# Recommendations for printed learning resources



## lovebird2010

Actually I am looking for a nice book, from where I can learn Tagalog properly. However I am using "Basic Tagalog" (written by "Paraluman S. Aspillera" at the moment, but I am not happy at all. English explanation is terrible and even Tagalog lessons as well. I was using the verbs with the Filipino people that I'm learning from the book; first they were laughing at me and later on they were correcting of them. 
I am almost giving up learning Tagalog because of terrible book that I started accidentally.
I will appreciate if someone can recommend a very good book that teaches me a proper Tagalog. I believe that it will give my strength back again to continue studying Tagalog.
Thanks


----------



## Inglip

That is the book I use, and I find that it's pretty good. I have a couple other learning resources, and they lack. Each of my resources lack's in some area though. I know what you mean about the English side of things, but it's not terrible. Sometime's it does lack, but you should use multiple things and do your own research. Ask the forum, look up online dictionaries, ask friends/tagalogs.

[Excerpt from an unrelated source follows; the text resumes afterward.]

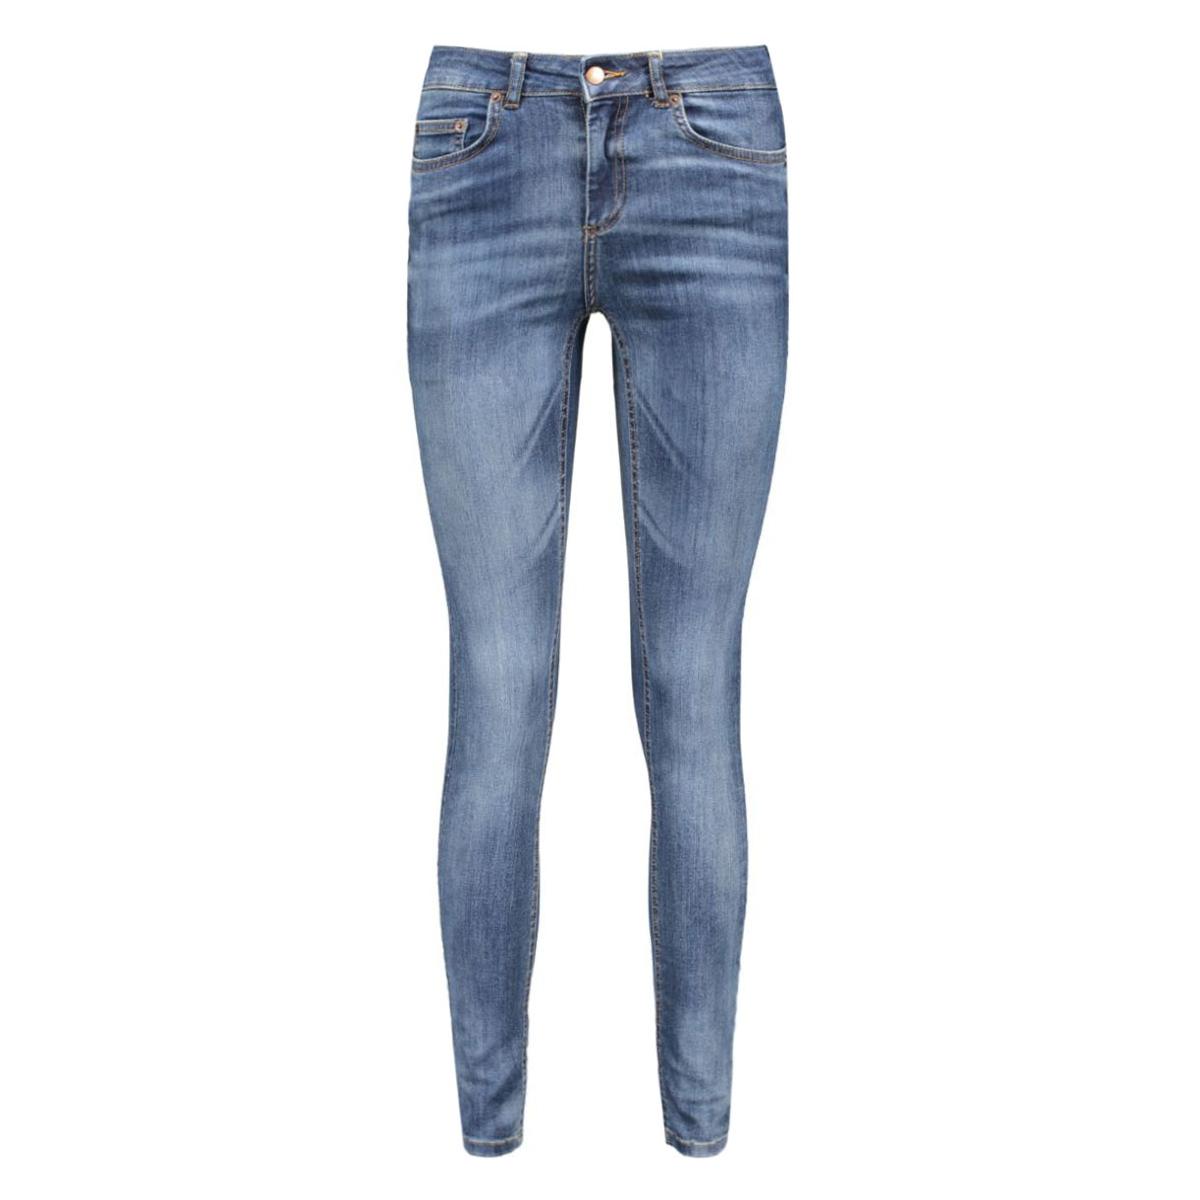 pcfive delly jeans dbld noos 17080503 pieces jeans dark blue denim
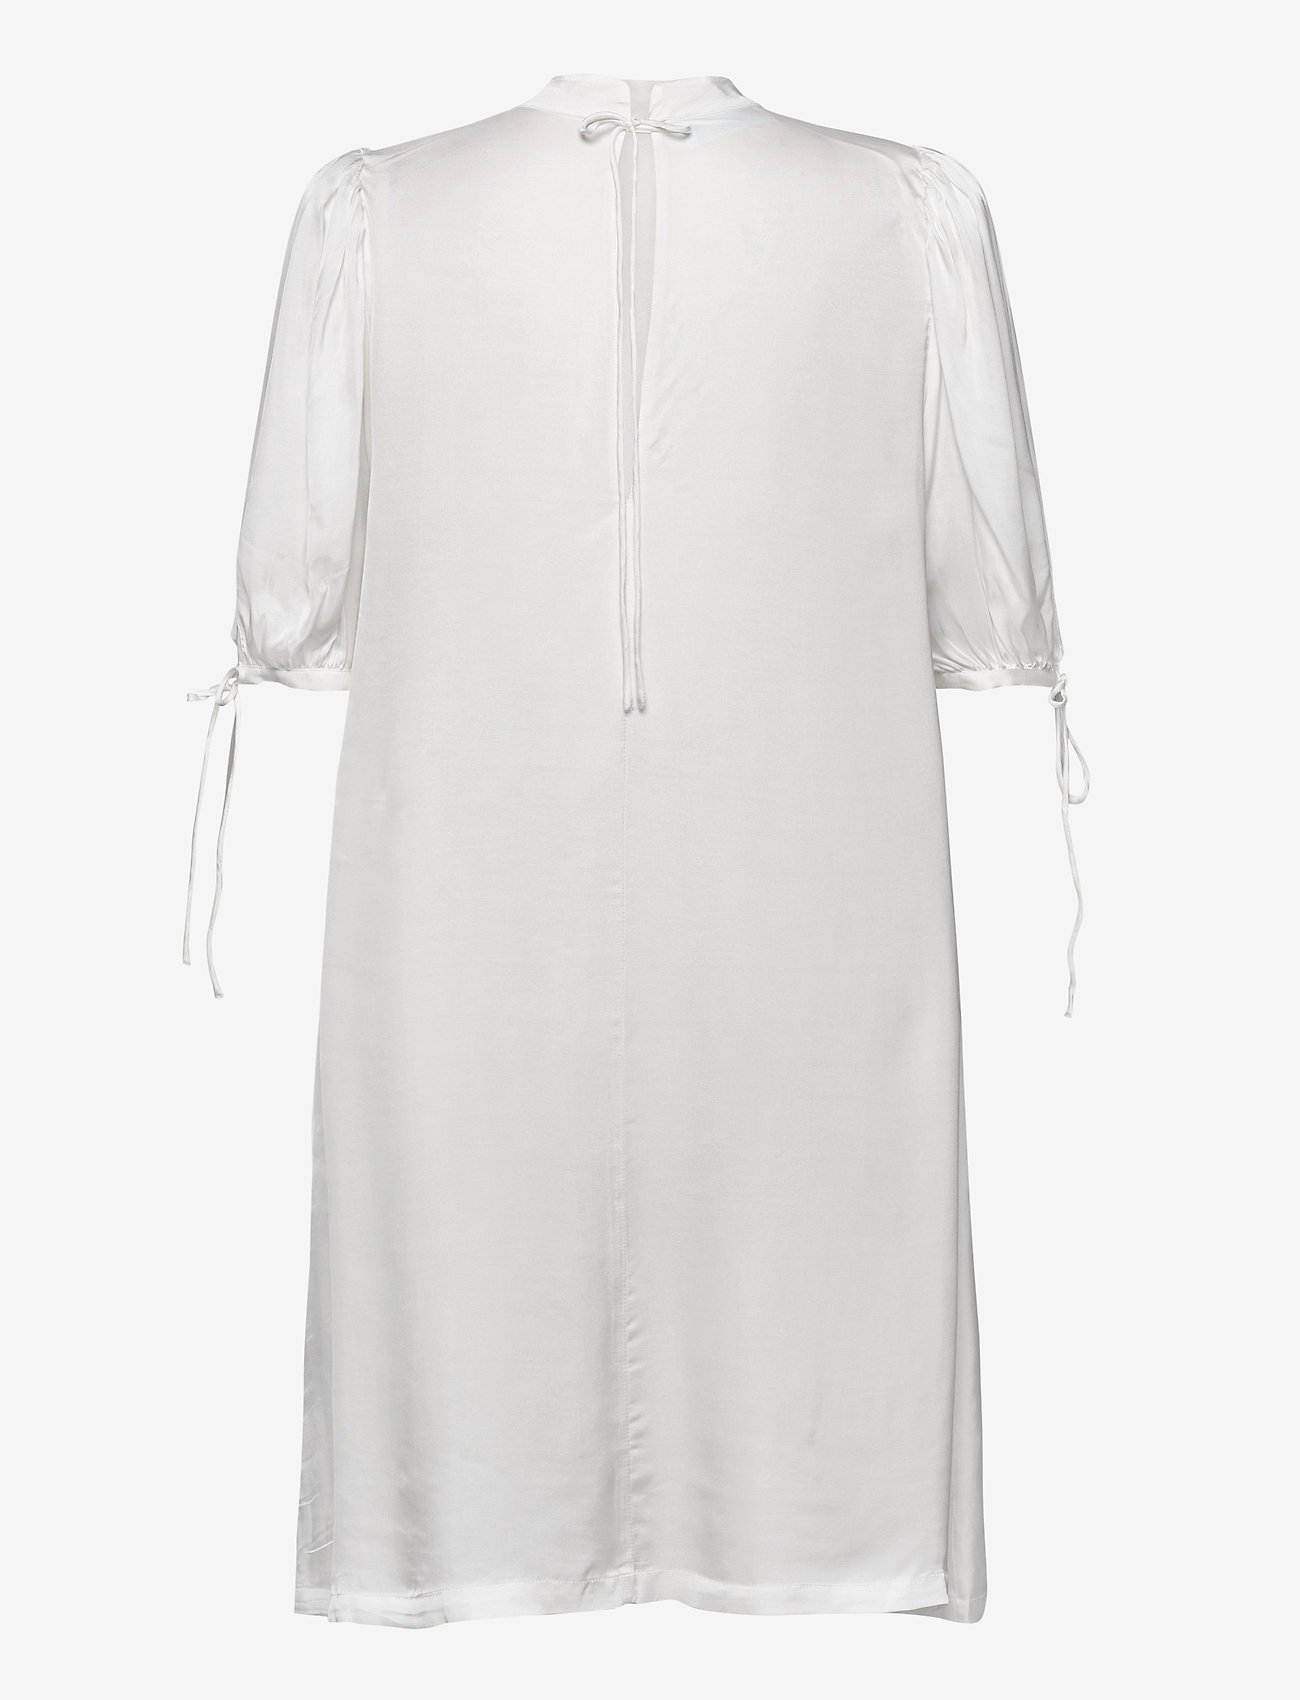 Mea Sleeve Dress (Cream) (1715 kr) - DESIGNERS, REMIX

You can't just read through a book and learn a language, you need to go out, speak it, and ask many questions about it. This applies to all languages.

The book is more formal, but you expect that when learning any language. I'm sure in an English book it would say that you must enter a shop and say "Top of the morning Sir, I would like to purchase a bag of your finest grapes please." All correct grammar and words, but not how it is spoken on the streets. Obviously your friends speak informal, colloquial tagalog. I speak some Arabic, and it's the same thing. The book teaches correct, formal language, where as spoken on the streets is informal. You may not be aware, but you'll do it with your native language.

I wouldn't abandon the book because you'll never find a tagalog book that will teach you without using other things. Try Pimsuler, and Rosetta Stone. They are two interactive language learning aids. 

http://www.bansa.org/dictionaries/tgl/
https://learningtagalog.com/grammar/index.html
http://en.wiktionary.org/wiki/Index:Tagalog

And those are some online aids I use. You can't just chose one and learn a language. It would be like trying to learn to swim from a book. Stick with it, ask questions, speak it as often as possible, and use multiple things.


----------



## lovebird2010

Thank you Inglip for your answer and advice


----------